I find the PHDR segment just after the ELF header and having the size of this entire program header. It has an alignment of 8 bytes and is readable/executable. [!]I don't understand why executable.
I find the segment where the interpreter is declared, just after the PHDR. It has the size of the interpreter's path and an alignment of 1 byte. Correct
Now I have a segment that is readable and executable, which [!]I suppose is the code segment. I don't understand why does it start at 0x0000000000000000. Shouldn't this start where the entry point is located? Why does it have a size of 0xafc bytes? Isn't the size only the size of the code? How much of the file is executable? Also, I don't understand why the alignment is 0x200000 bytes. Is that how much space is reserved for a LOAD segment in memory?. This is where this segment ends and an amout of 764 0x0 bytes follows it:
The next one (readable and writable) [!]I suppose is a segment where variables are stored. It ends just where something like the sections header might be starting.
Now the next one is a DYNAMIC header. It starts at 0xe18, which is inside the one above. [!]I thought this was a segment where references to external functions and variables are stored but I am not sure. It is readable and writable. I just don't know what segment is this and why it is "inside" the LOAD segment above
A NOTE segment, containing some info that I suppose is not important right now
GNU specific segments, one of them having any offsets and sizes equal to 0x0000000000000000, others interfering with other segments, which I don't get, either.
I come from the PE world, where each thing has its own well defined offset and size and here I see these weird addresses and sizes and I am confused.
The readelf output displays the program header table. It contains the list of segments (which may be loadable or non-loadable) in the ELF file. It is common for a segment to contain other segments, as seen here.
I find the PHDR segment just after the ELF header and having the size
of this entire program header. It has an alignment of 8 bytes and is
readable/executable. [!]I don't understand why executable.
If you read the readelf output carefully, you will notice that PHDR is actually a part of the code segment (notice the VirtAddr and the MemSiz fields).

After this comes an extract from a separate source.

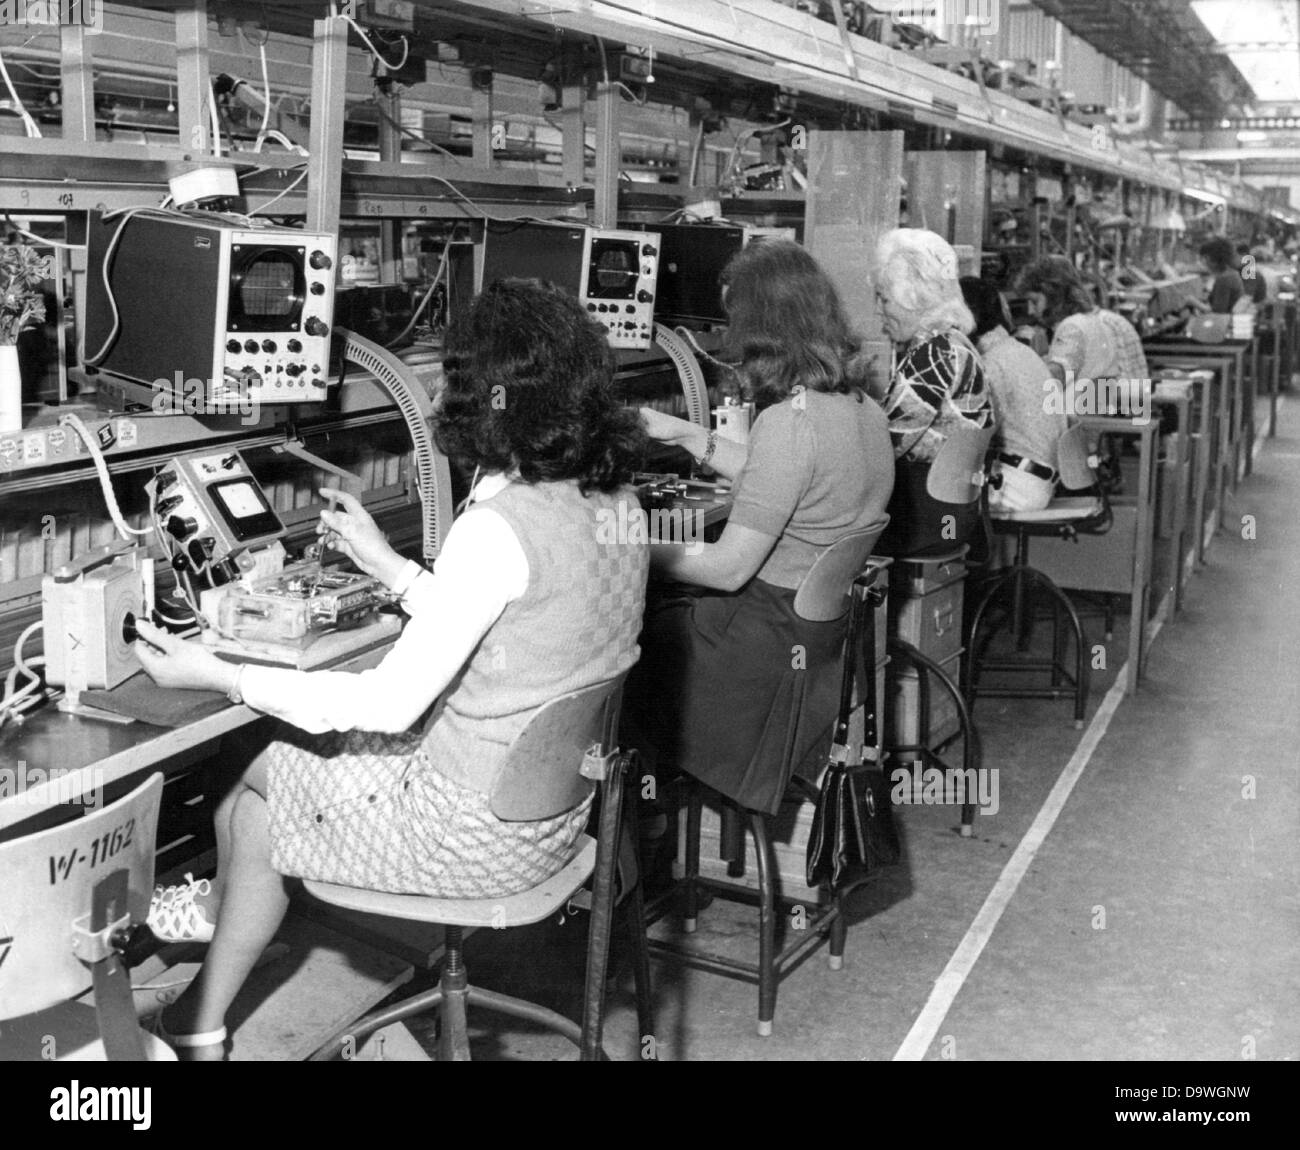 Frauen arbeiten am Fließband zu kontrollieren und Autoradios in der Blaupunkt-Fabrik in Hildesheim, fotografiert am 22. Januar 1974 zusammengestellt. Blaupunkt, ein Tochterunternehmen der Robert Bosch GmbH wurde 1923 gegründet und beschäftigte 5.750 1974, darunter 3.250 Frauen. Stockfoto
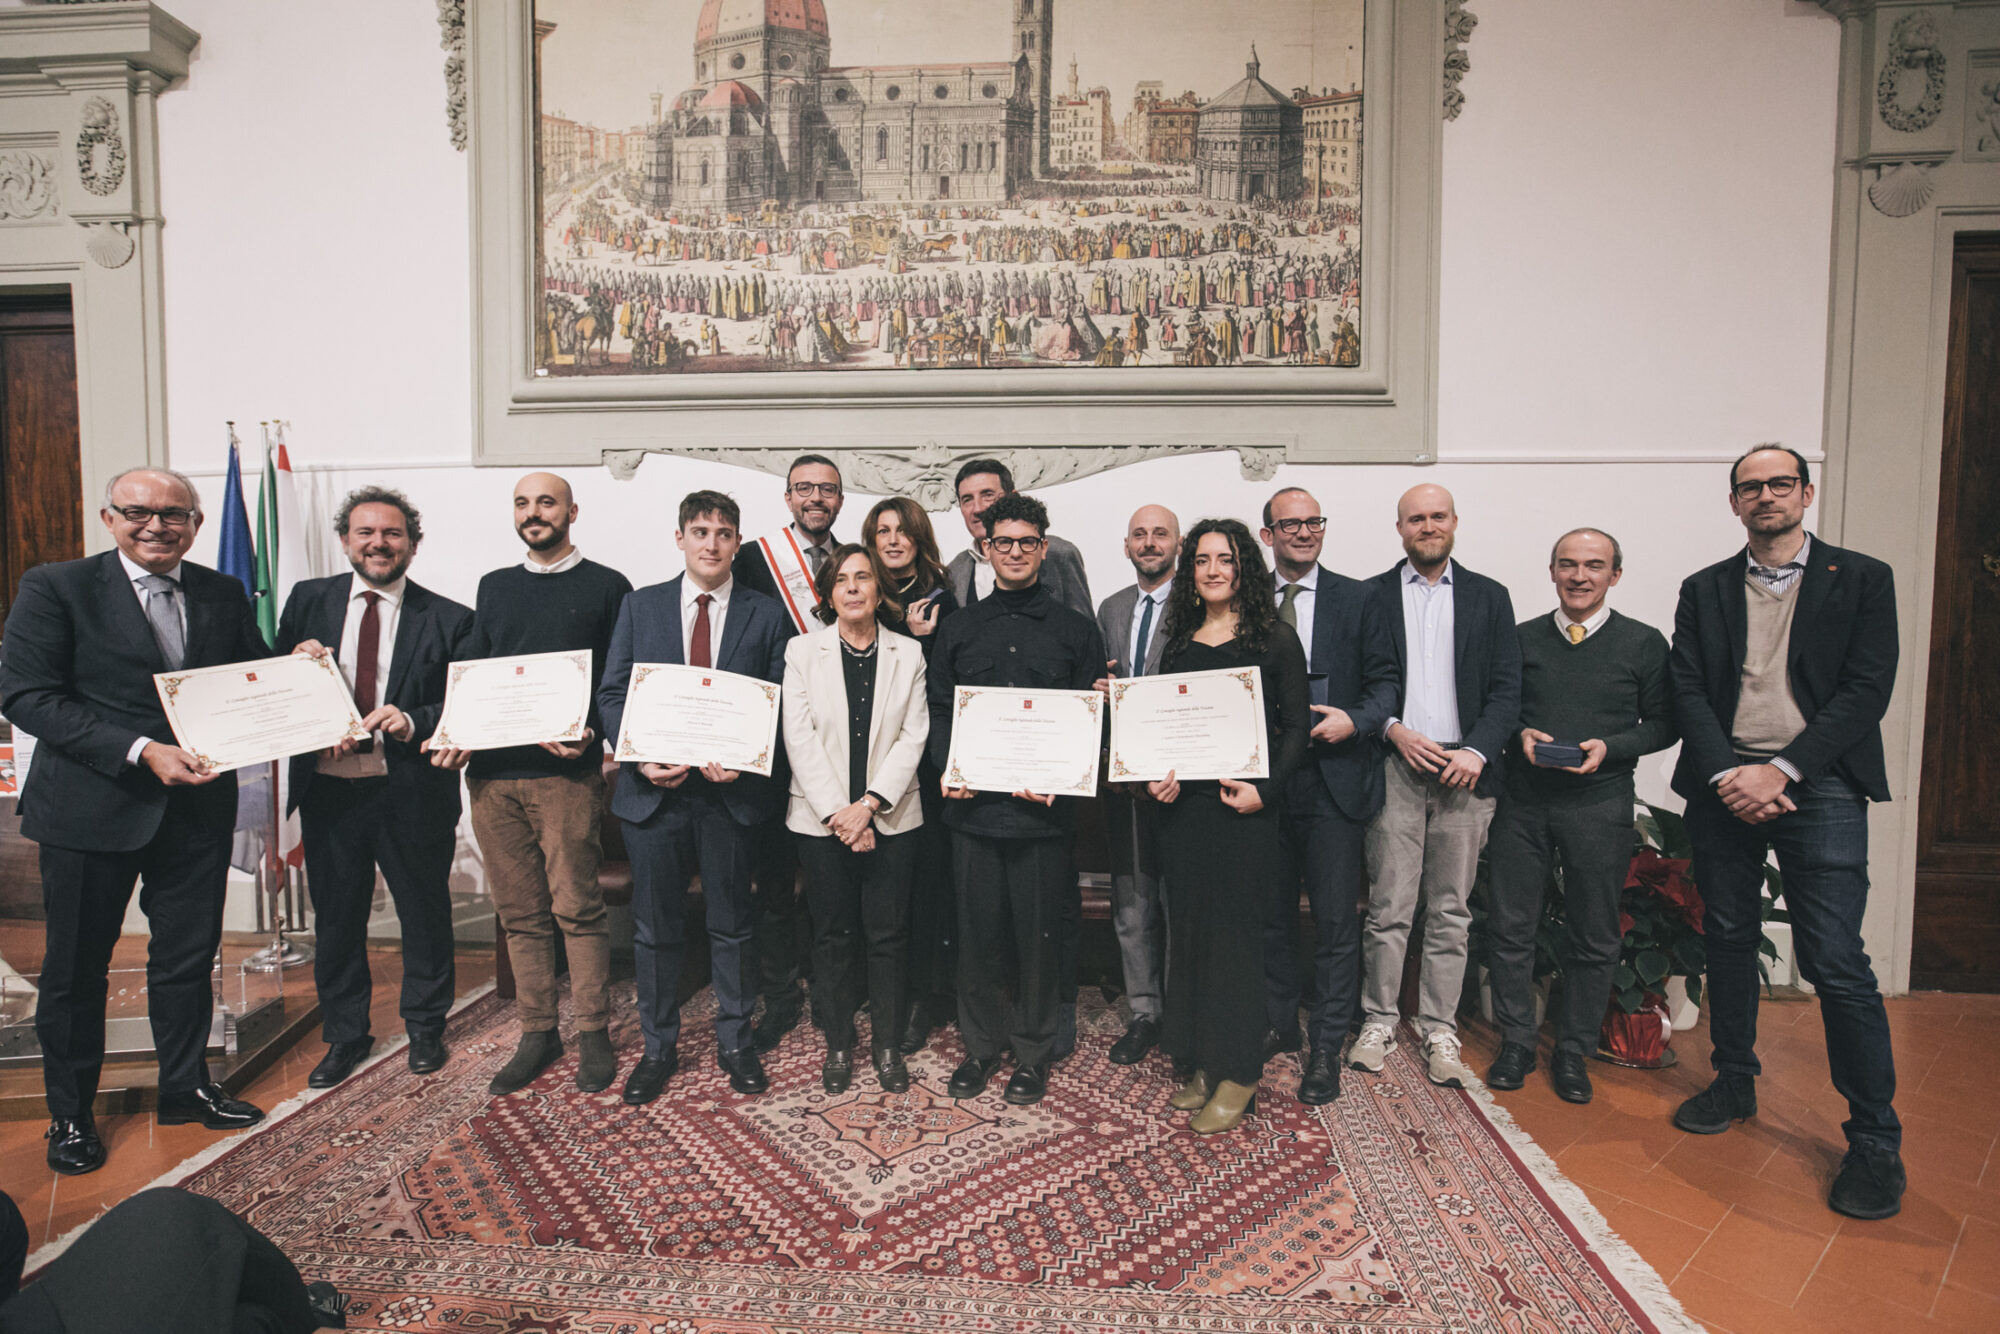 Europa: Seconda edizione del Premio miglior tesi di laurea David Sassoli, la premiazione dei giovani vincitori

That explains why it shares the same permissions as the code segment (RX).
Now I have a segment that is readable and executable, which [!]I
suppose is the code segment. I don't understand why does it start at
0x0000000000000000. Shouldn't this start where the entry point is
located? Why does it have a size of 0xafc bytes? Isn't the size only
the size of the code? How much of the file is executable? Also, I
don't understand why the alignment is 0x200000 bytes. Is that how much
space is reserved for a LOAD segment in memory?. This is where this
segment ends and an amout of 764 0x0 bytes follows it:
Yes, this is the code segment. It begins at the beginning of the file (i.e. offset 0) and extends upto 0xafc bytes in the file. The header specifies that this part of the file is mapped to 0x0000000000400000 in memory when the ELF is loaded. The segment not only consists of the main( ) from the C++ file, some other executable stuff is also added by the compiler. Alignment only specifies where should the next segment begin, not the size of the segment. Loadable segments should have congruent values of VirtAddr and PhysAddr fields modulo page size (or Align field, if Align!=0 && Align!=1). That explains why VirtAddr for data segment is 0x0000000000600df8 (0x0000000000600df8 - 0x0000000000000df8 % 0x200000 == 0). The region in file between the text segment and the data segment (i.e. between 0xafc and 0xdf8) is filled with zeroes.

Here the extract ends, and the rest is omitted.